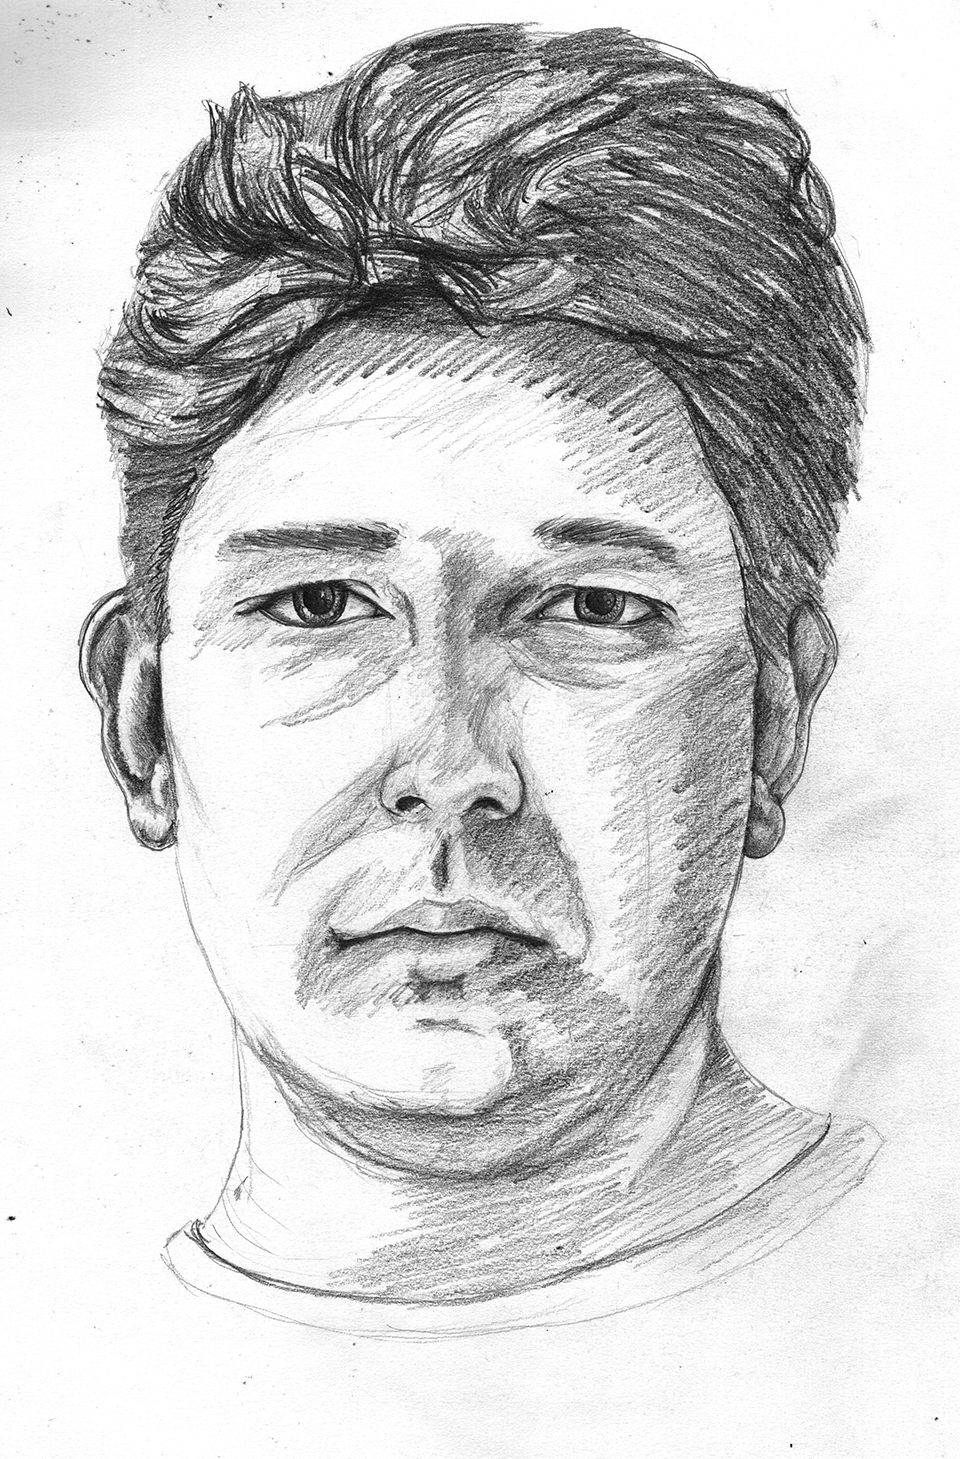 sketch___self_portrait_by_snacuum-d7tjqxc.jpg
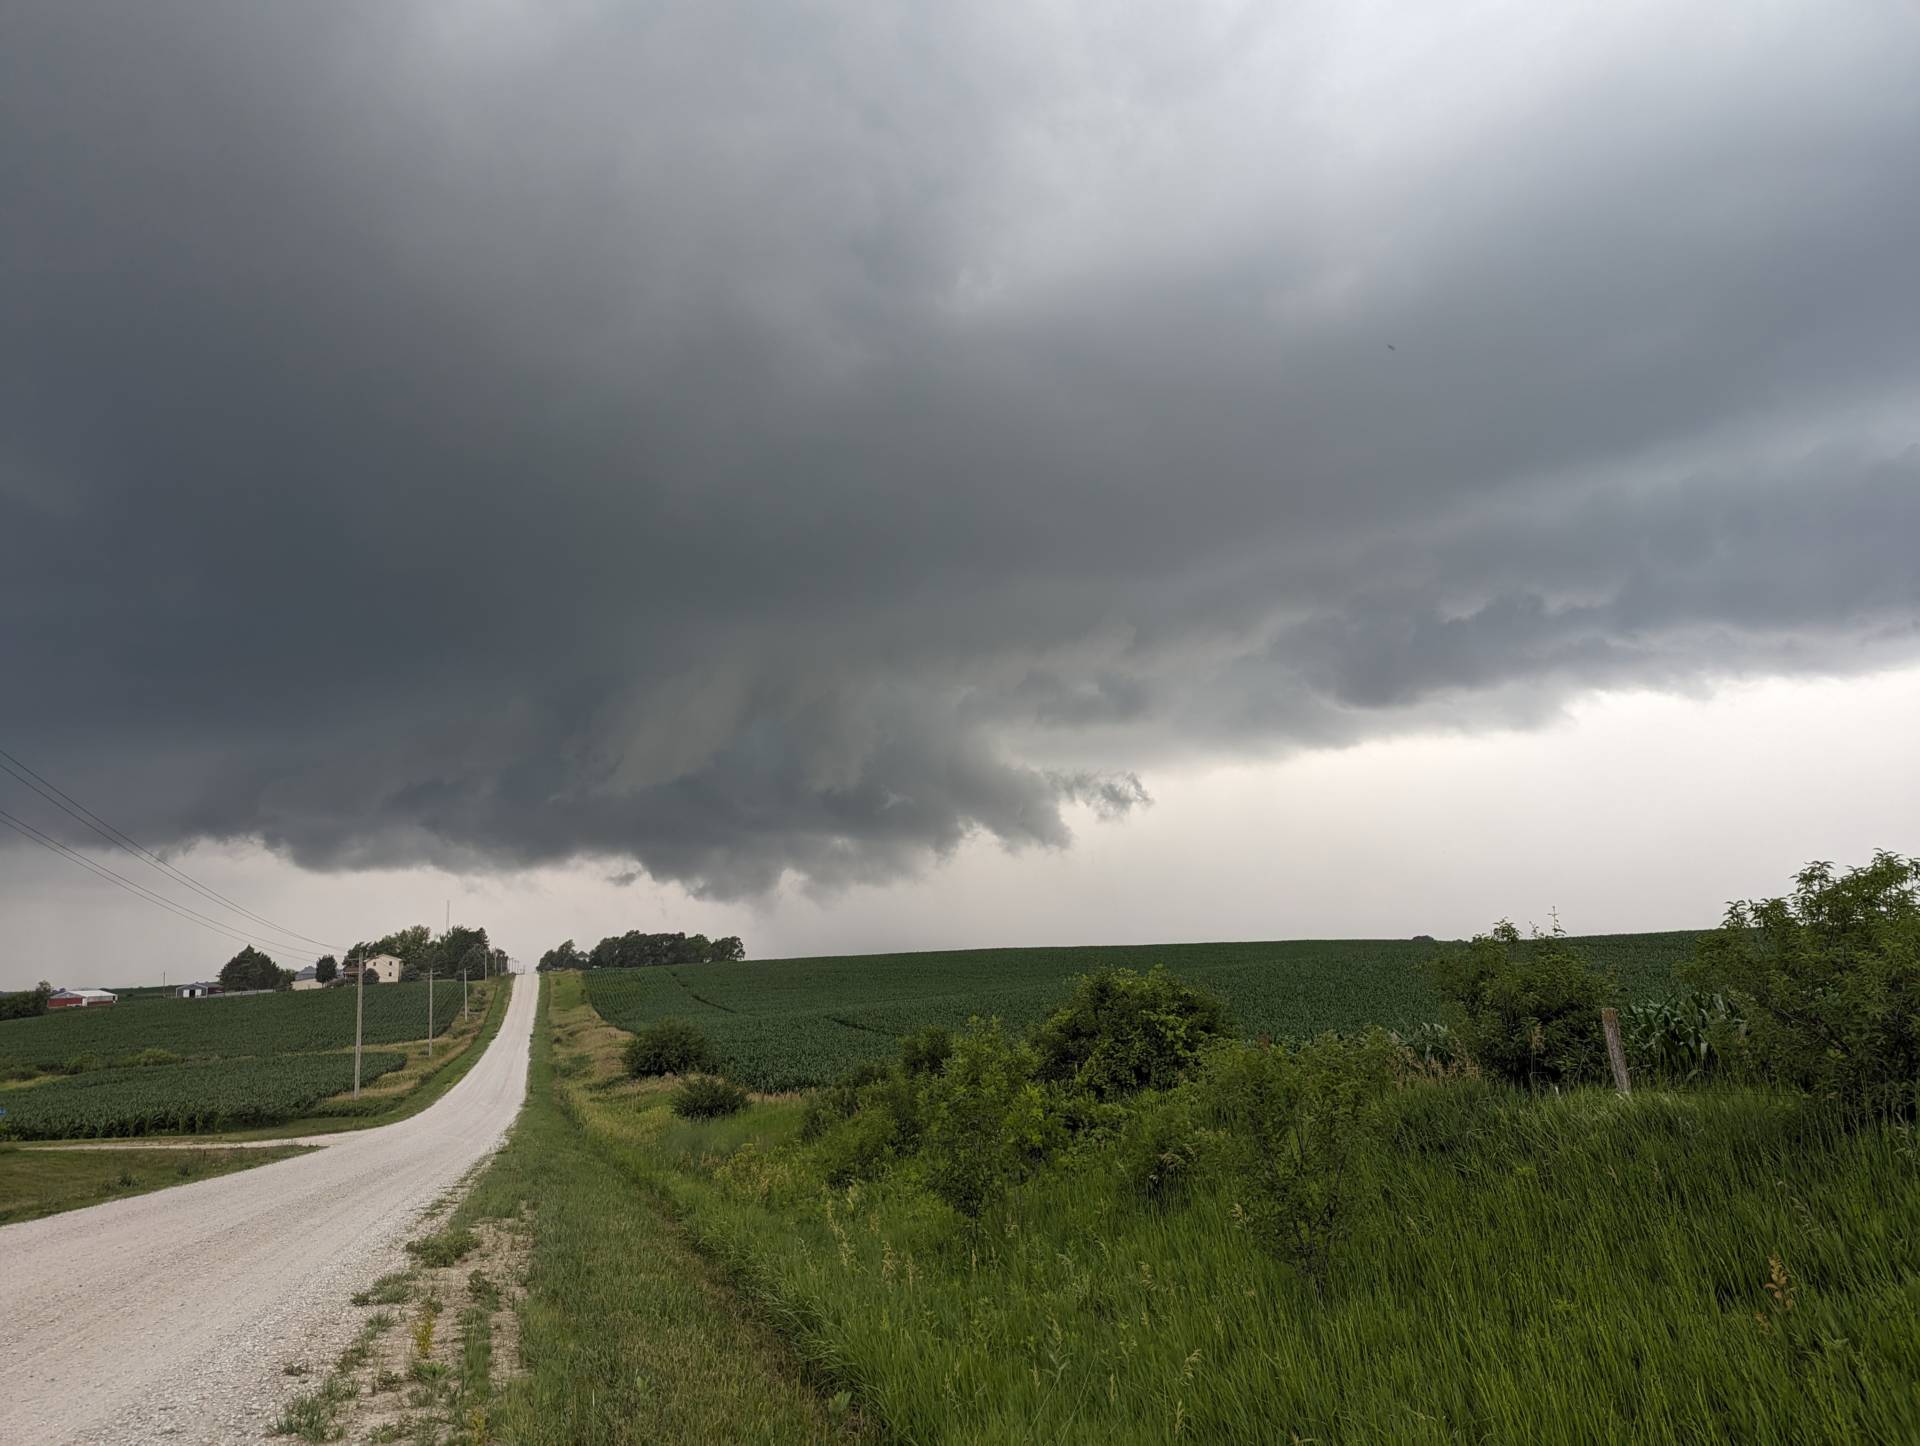 Severe storm rolling over Wiota, Iowa. @NWSDesMoines #iawx
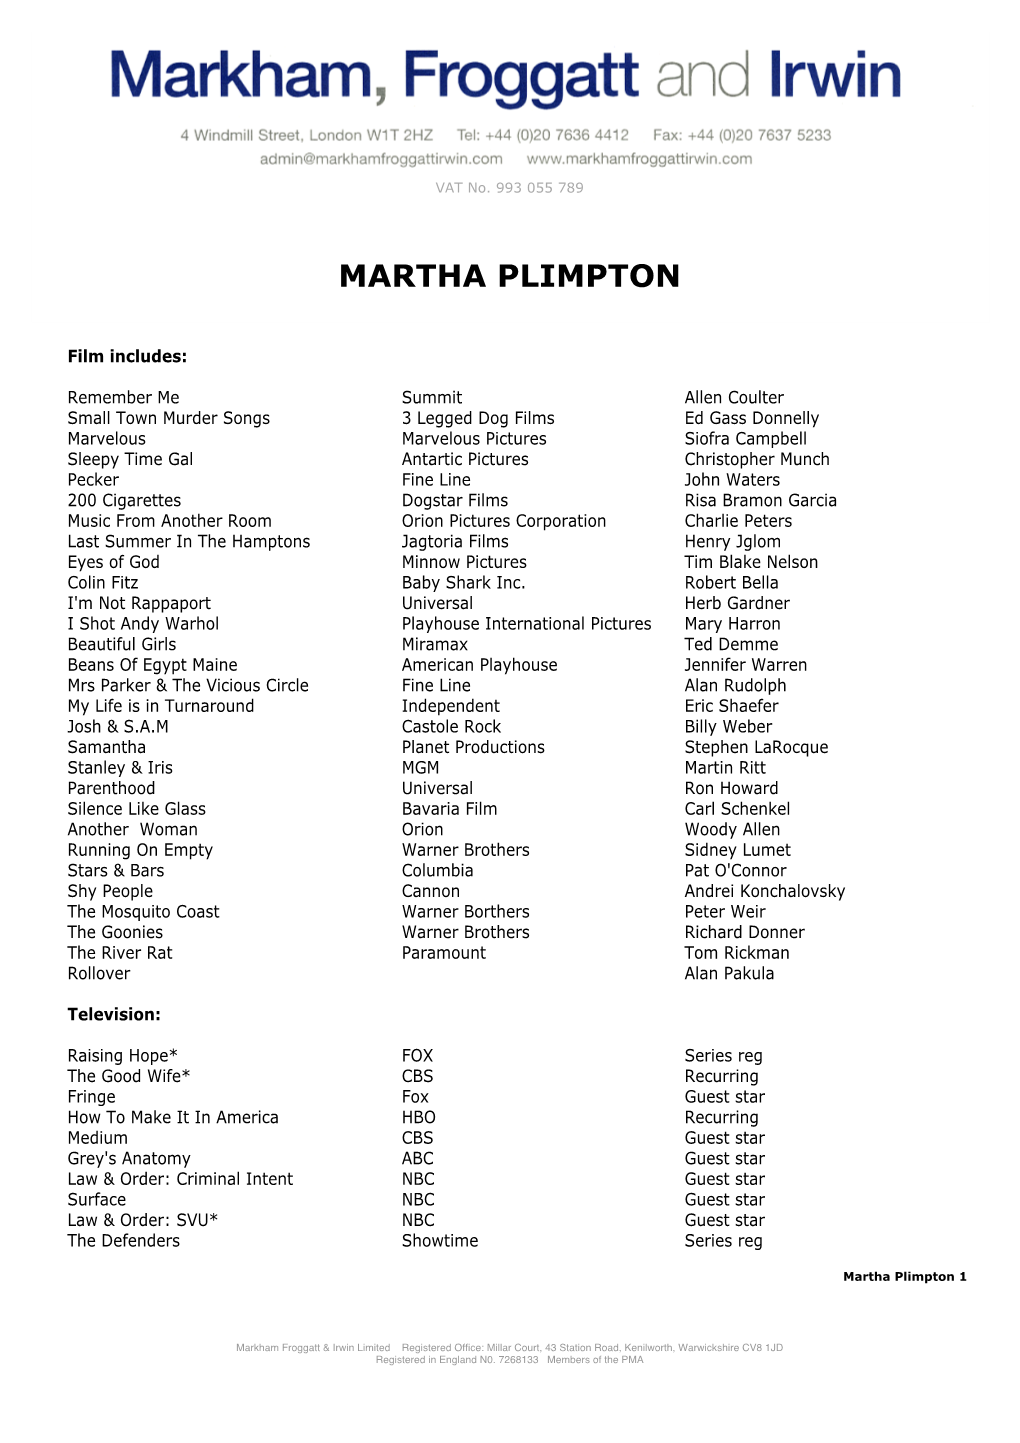 Martha Plimpton

▸ **YOUR TASK**: Restrict the output to the lines from the one with "Severe storm rolling" through the last line of the material above. Print them exactly, leaving out every picture.

▸ **REPLY**:
 Severe storm rolling over Wiota, Iowa. @NWSDesMoines #iawx
 Martha Plimpton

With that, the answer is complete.